Short story: I did some profiling (I do a lot of profiling) and QueryPerformanceCounter showed up a lot more than..I felt it should. So, some reading up and testing later, I am now using rdtsc/rdtscp.

Longer story: A long time ago, before computers had more than one core, and if the CPU supported it, the fastest way to time things where by using the rdtsc instruction. The granularity you got was a lot higher than any other kind of timing instruction available at the time. Partly because it wasn’t really a timing instruction; it returned instructions executed since boot-up.

The problems:

  • If a CPU changes speed, the rate of instructions per second was not constant; hard to use for timing.
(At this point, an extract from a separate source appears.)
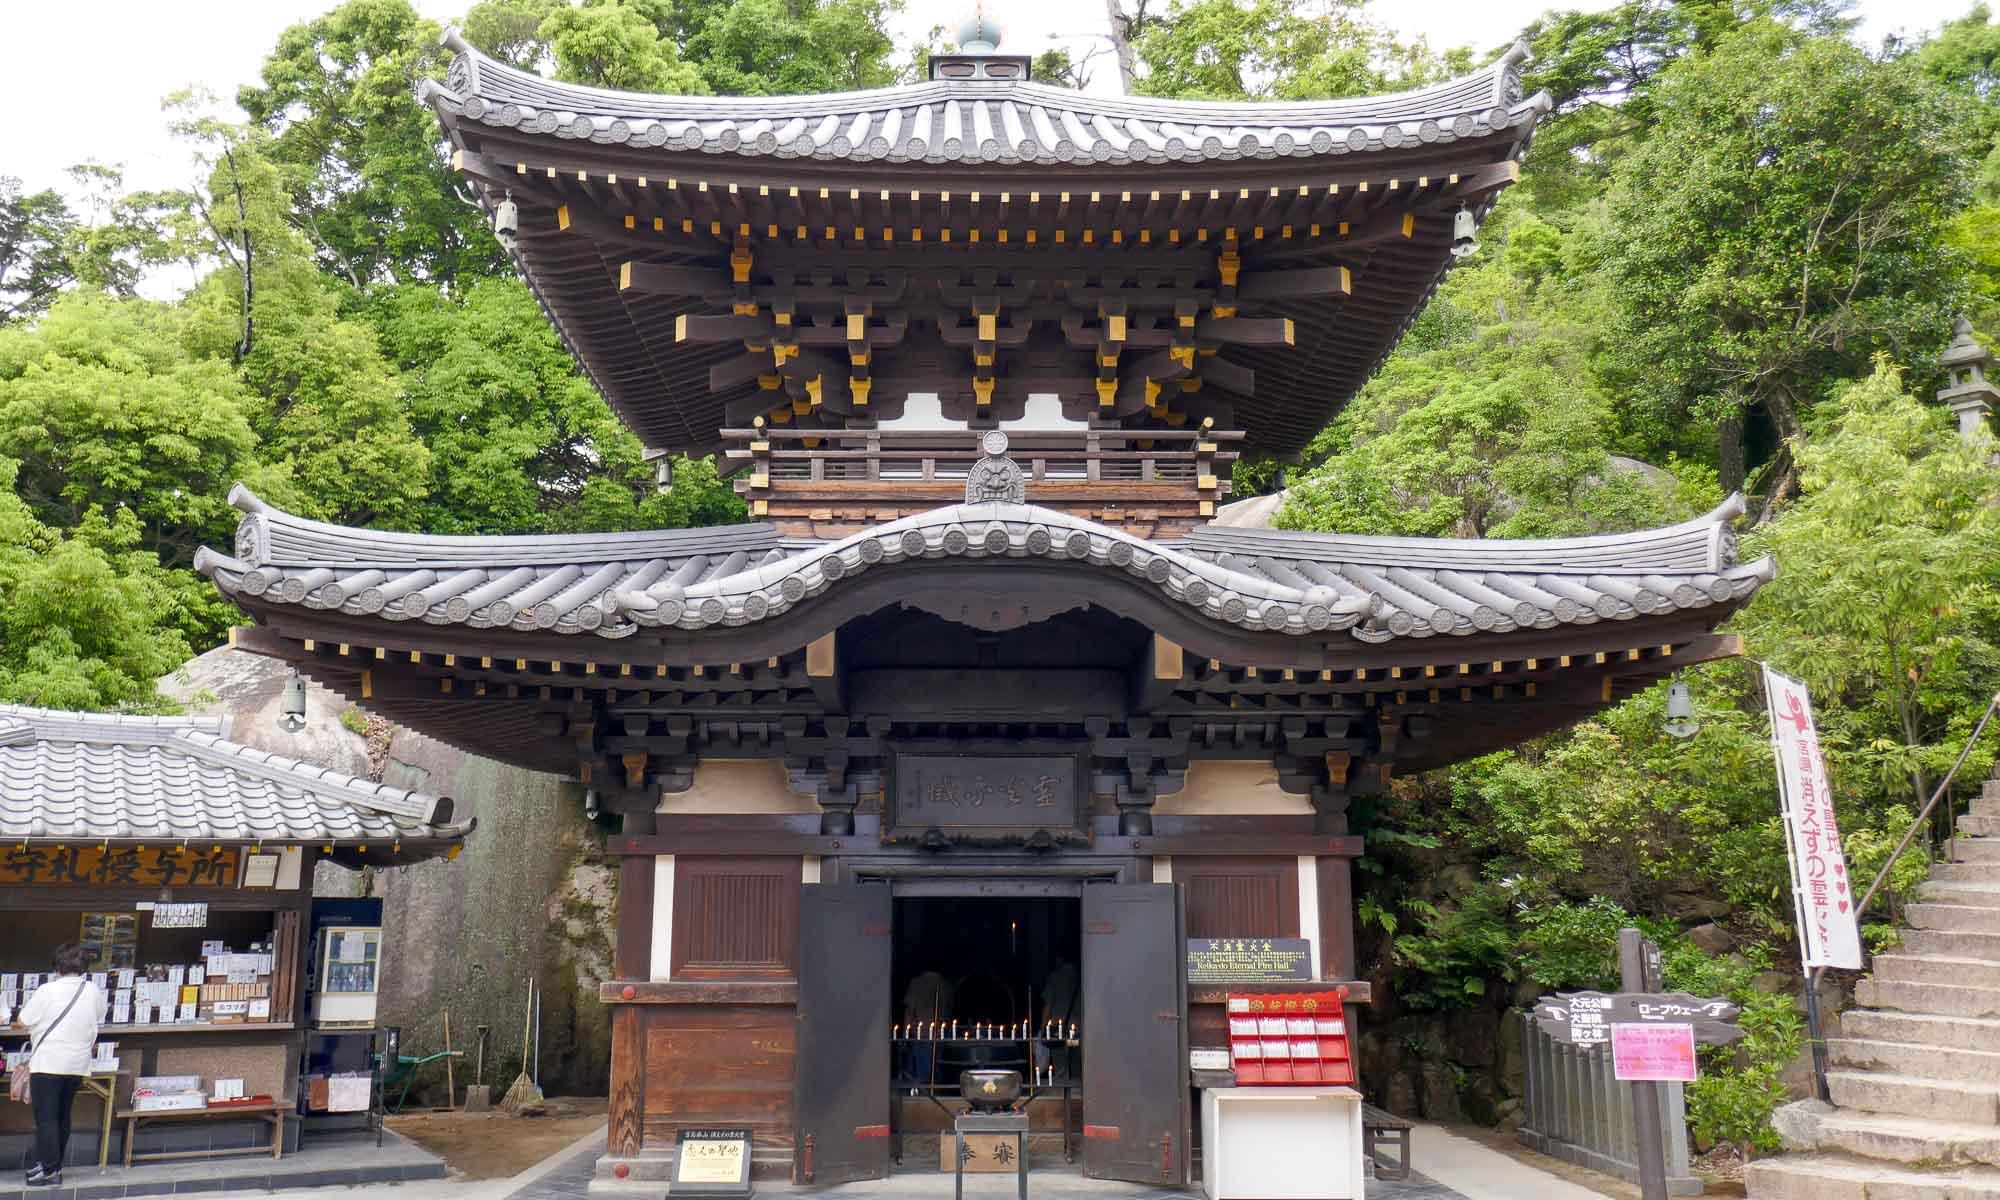 Reikado Hall (Eternal Fire Hall) on Mount Misen

  • Multi-core. One cores rdtsc instruction might give a whole different value than another. Our thread might switch core, a lot. The cure for this; setting thread affinity (basically binding it to one specific core), which made the timing work, but was bad for everything else.

The way to handle timing in a “stable” manner was to just use QueryPerformanceCounter instead, and let Microsoft deal with whatever solution was doable/working/the best.

My problem is; QueryPerformanceCounter is not the most optimal solution for “newish” computers. (But it does works for all Windows-computers, which is awesome.) You do get less precise values though, and it takes longer to get them.

A while back Intel (AMD?) seemed to decided that it would be nice if rdtsc was usable in a multi-core-variable-frequency world, so Invariant TSC was born. You can ask your CPU if it supports it by calling the cpuid instruction with 0x80000007 as the argument, and then if edx has bit 8 set, your computer is using Invariant TSC, which means rdtsc can be used as a stable source for timing. They also introduced the rdtscp instruction that does a little bit more synchronization than the rdtsc instruction, but for “normal” timing in a game, rdtsc seems to be enough. (basically, rdtsc can be reordered, rdtscp will not)

On my machine (i7-4770K 3.5GHz) I did some quick tests: Timing the different between 2 calls to QueryPerformanceCounter / rdtsc / rdtscp without anything in between and with a Sleep(1) in between.

With Sleep(1):

  • QueryPerformanceCounter returned a diff of: ~3418

  • rdtsc(p) returned a diff of: ~3500000

Without Sleep(1):

  • QueryPerformanceCounter returned a diff of: 0

  • rdtscp returned a diff of: ~24

  • rdtsc returned a diff of: ~18

So, QueryPerformanceCounter returns basically the value rdtsc returns. Divided by 1000. And with more overhead.
I know which one I’d pick.

Bonus if you are using Linux, rdtscp apparently returns core id as well. Quite handy. ^_^

UPDATE 2016.03.28

1) rdtscp only returns core on Linux machines.

2) rdtscp doesn’t work properly om AMD machines. EVEN if cpuid says it supports TCM. :(

(at least on windows..) QueryPerformanceCounter it is.